Vernetzung für die Zukunft
Im Leitungsteam wirken neben Götz sein Stellvertreter Michel Revaz, CIPRA-Mitarbeiterin Aurelia Ullrich, Projektmanager Wolfgang Pfefferkorn und als Vertreterin der eidgenössischen Forschungsanstalt WSL Karin Hindenlang mit. "Wir sind eher spezialisiert auf Umwelt, Natur und Wirtschaft", erläutert Götz, "und deshalb war es bei unseren Reisen besonders anregend, Historiker, Soziologinnen und Kulturfachleute zu treffen. Die Vernetzung hat schon begonnen, viele dieser Leute kannten einander nicht!"
Das Team klärte ab, welche Informationsbedürfnisse bestehen. "Wir wollen unterschiedlichen Bedürfnissen gerecht werden", sagt Götz, "Persönliche Treffen an internationalen Tagungen sind wertvoll, aber aufwendig. Deshalb braucht es Workshops in jedem Land. Parallel dazu sind Dokumentationen notwendig: Broschüren, Bücher, eine Internetdatenbank und Ausstellungen."
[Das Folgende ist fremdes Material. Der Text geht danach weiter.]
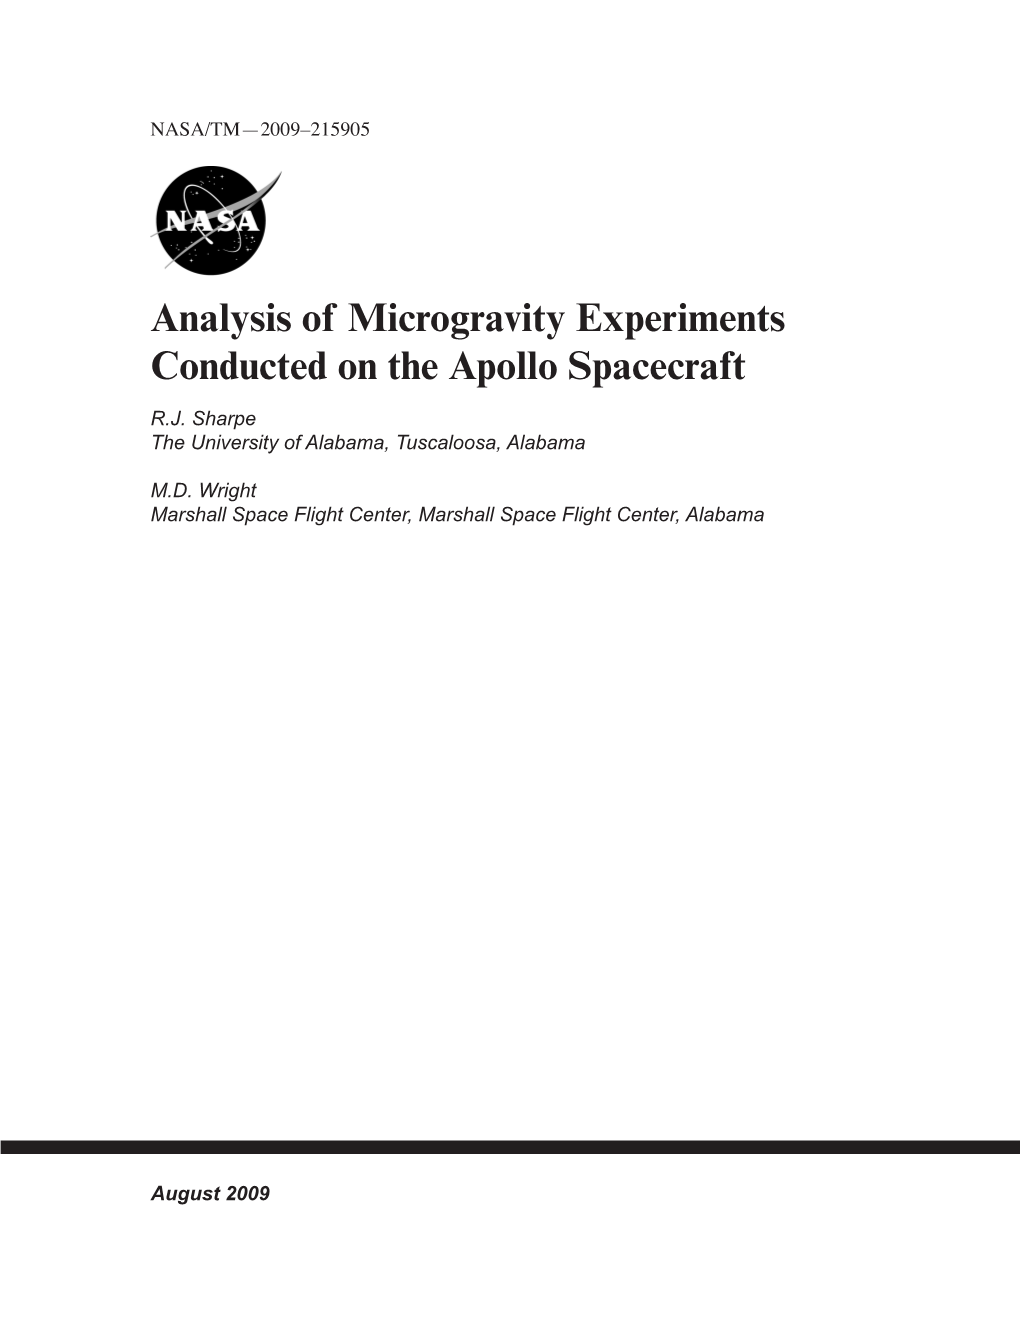 Analysis of Microgravity Experiments Conducted on the Apollo Spacecraft

Alle Wege führen zur CIPRA
Das Team trägt nun systematisch den Stand des Wissens und erfolgreiche Projektbeispiele zusammen. Was soll dann damit geschehen? Projektmanager Wolfgang Pfefferkorn erklärt es: "Nehmen wir an, eine Alpenregion will Mobilitätsprobleme lösen. Es gibt dazu passende Beispiele aus anderen Regionen, bloss: wer kennt die schon? Wir denken nicht, dass wir für lokale Verantwortliche die erste Auskunftsdresse sein werden. Aber diese kontaktieren Fachleute in ihrer Nähe, etwa einen Regionalplaner. Dort kennt jemand "Zukunft in den Alpen". Unser Ziel ist es, dass diejenigen, die Informationen suchen, über 2-3 Stationen bei der CIPRA und "Zukunft in den Alpen" landen." Dafür sollen 2007/08 Dokumente in allen Alpensprachen vorliegen. Pfefferkorn betont: "Die unterschiedlichen Kulturen im Alpenraum sind eine Chance, voneinander zu lernen." Eine gute Gelegenheit, dies persönlich auszuprobieren, ist die diesjährige CIPRA-Tagung in Brig (s. Seite 12), die als gemeinsame Veranstaltung von CIPRA-Schweiz und "Zukunft in den Alpen" durchgeführt wird.

Christa Mutter

Sechs Fragen, tausend Antworten
Das Projekt geht die wesentlichen Fragen des Alpenraums parallel an. Deshalb ist "Zukunft in den Alpen" in sechs Themenkreise aufgeteilt:
1. Regionale Wertschöpfungsketten, z.B. in Landwirtschaft und Tourismus
2. Regionale Identitäten und soziale Handlungsfähigkeit
3. Grossschutzgebiete als Instrumente der nachhaltigen Entwicklung
4. Mobilität (Freizeit-, Tourismus-, Pendlerverkehr)
5. Neue Formen der Entscheidungsfindung bei Raumnutzungsansprüchen
6. Auswirkung und Weiterentwicklung von Politiken und Instrumenten.